Deprescribing has emerged as an important aspect of patient‐centred medication management but is vastly underutilized in clinical practice. The current narrative review will describe an innovative patient‐centred approach to deprescribing—N‐of‐1 trials. N‐of‐1 trials involve multiple‐period crossover design experiments conducted within individual patients. They enable patients to compare the effects of two or more treatments or, in the case of deprescribing N‐of‐1 trials, continuation with a current treatment versus no treatment or placebo.

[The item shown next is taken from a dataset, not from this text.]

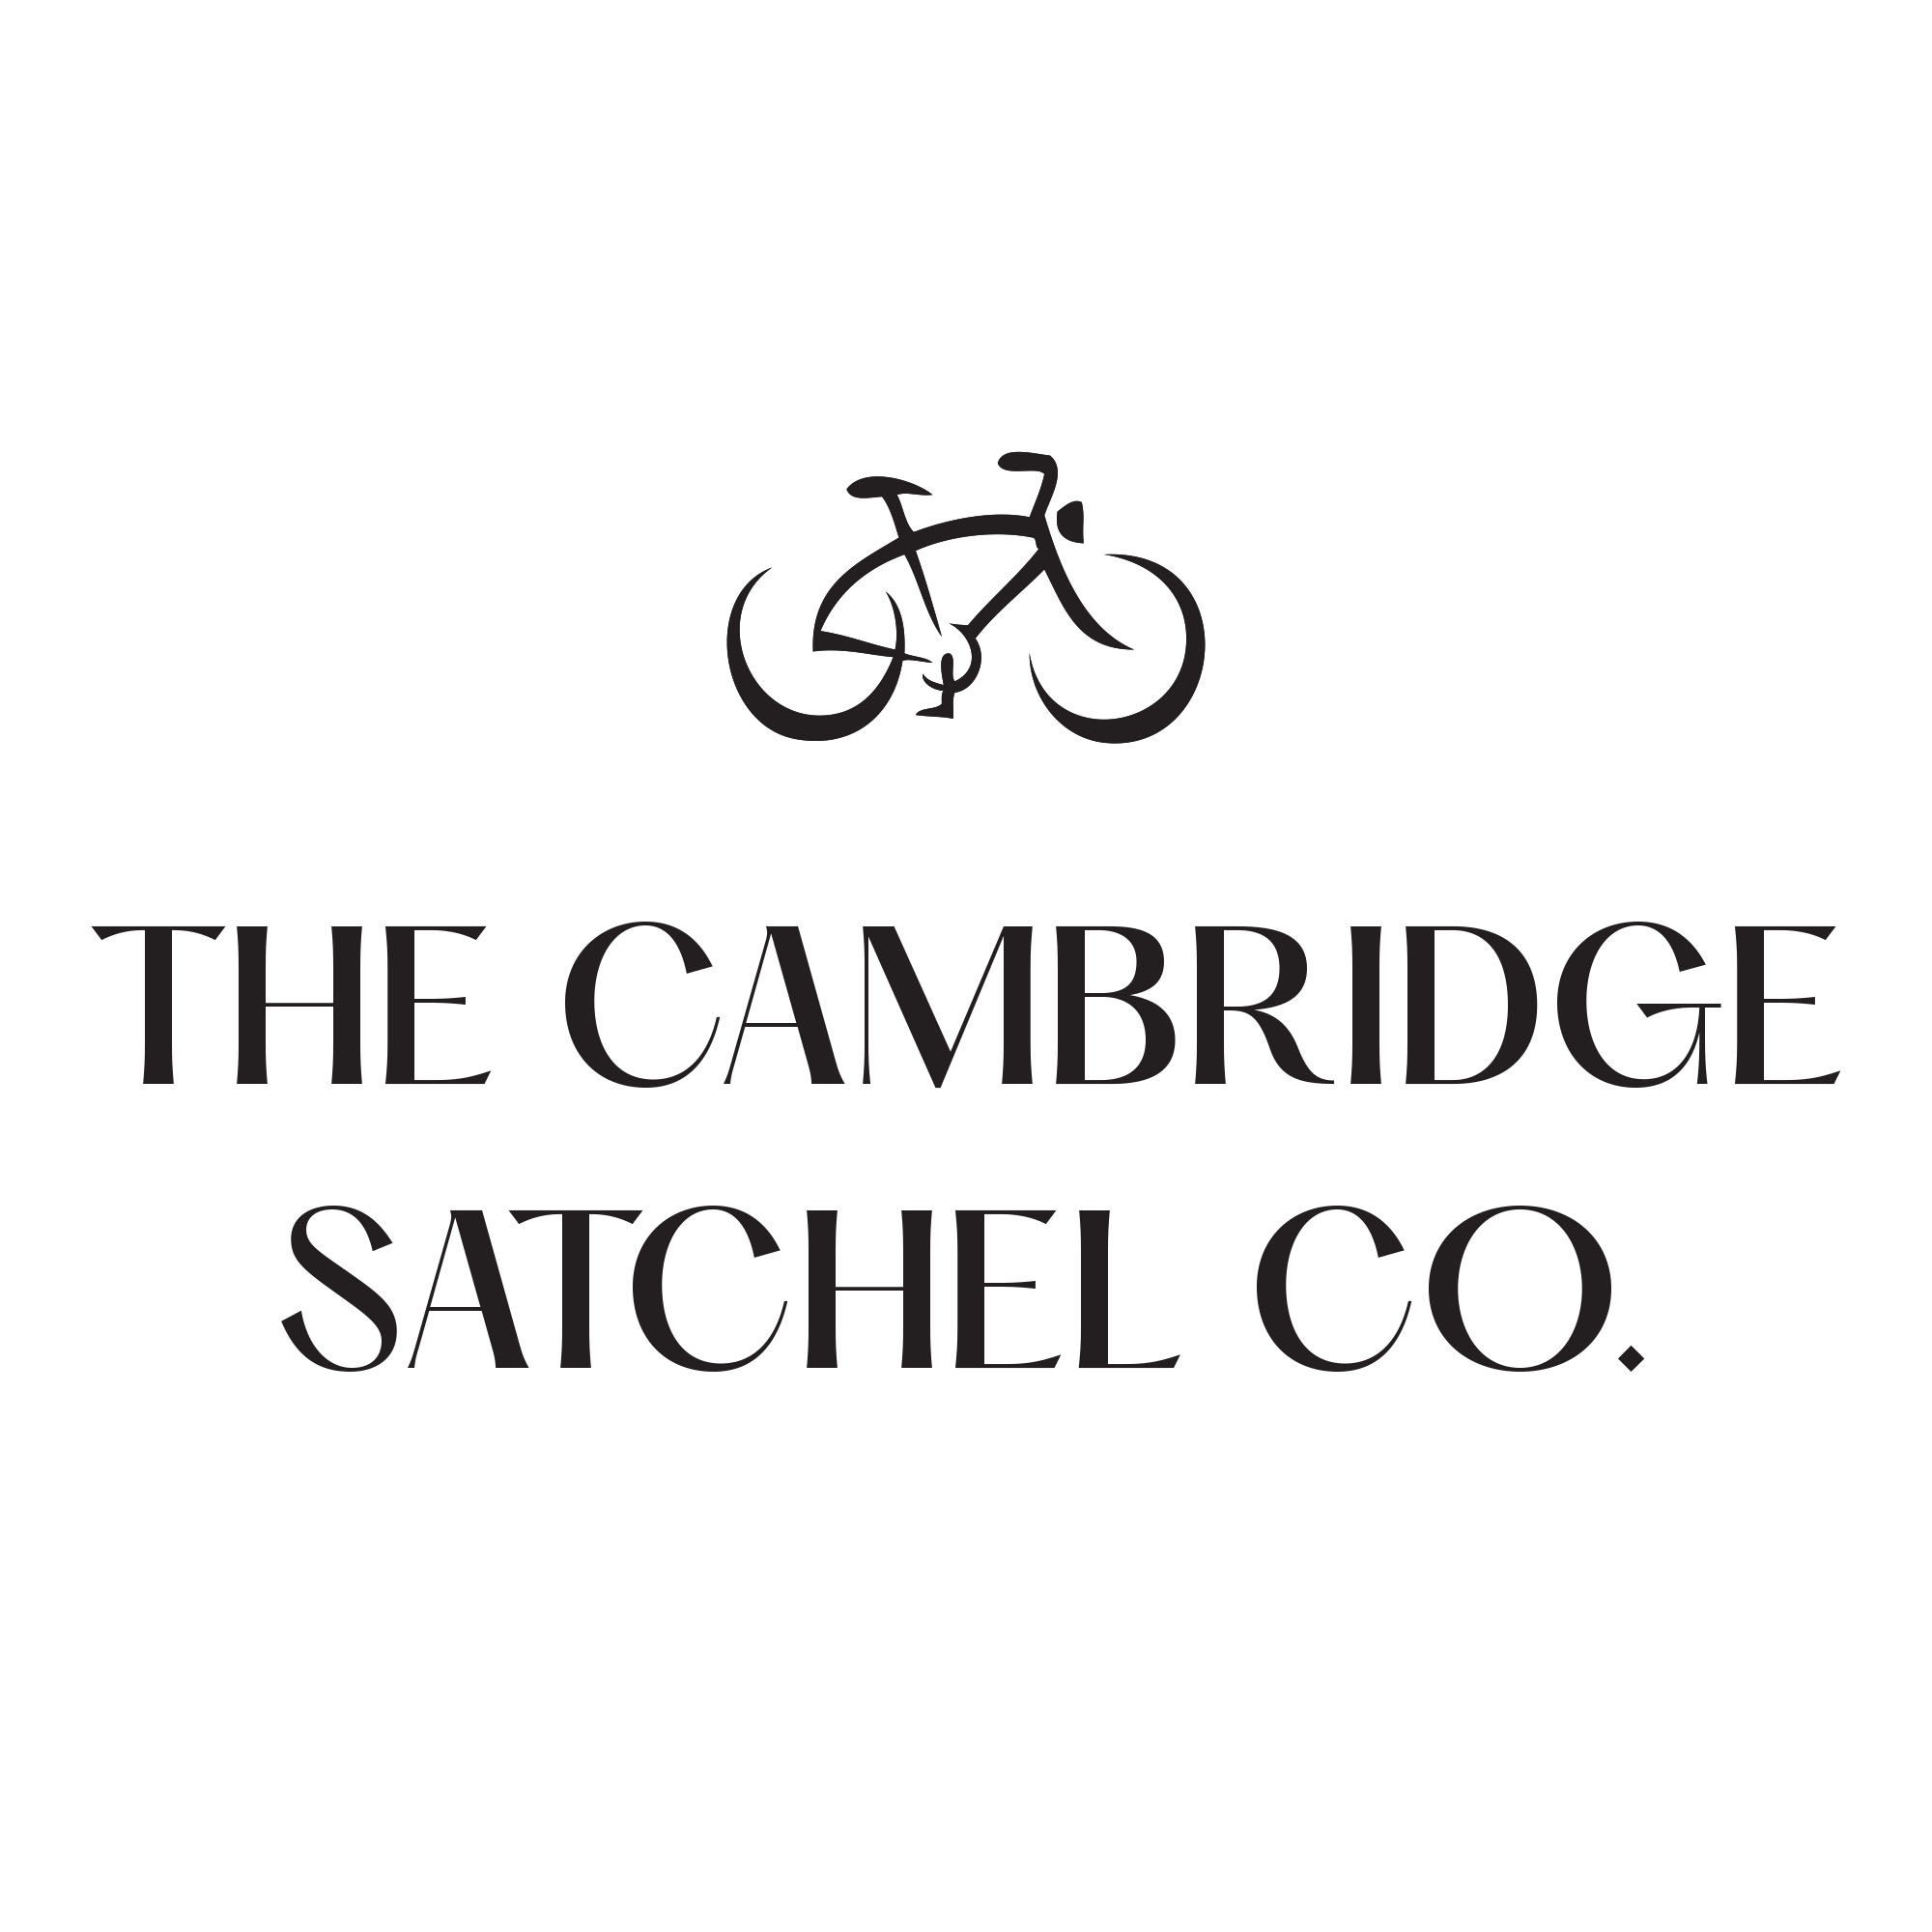 【折扣延长】Cambridge Satchel官网新品直接7折+包邮！上新超多单品！50欧就包邮！不要太轻松！

N‐of‐1 trials are distinct from traditional between‐patient studies such as parallel‐group or crossover designs which provide an average effect across a group of patients and obscure differences between individuals. By generating data on the effect of an intervention for the individual rather than the population, N‐of‐1 trials can promote therapeutic precision. N‐of‐1 trials are a particularly appealing strategy to inform deprescribing because they can generate individual‐level evidence for deprescribing when evidence is uncertain, and can thus allay patient and physician concerns about discontinuing medications. To illustrate the use of deprescribing N‐of‐1 trials, we share a case example of an ongoing series of N‐of‐1 trials that compare maintenance versus deprescribing of beta‐blockers in patients with heart failure with preserved ejection fraction. By providing quantifiable data on patient‐reported outcomes, promoting personalized pharmacotherapy, and facilitating shared decision making, N‐of‐1 trials represent a potentially transformative strategy to address polypharmacy.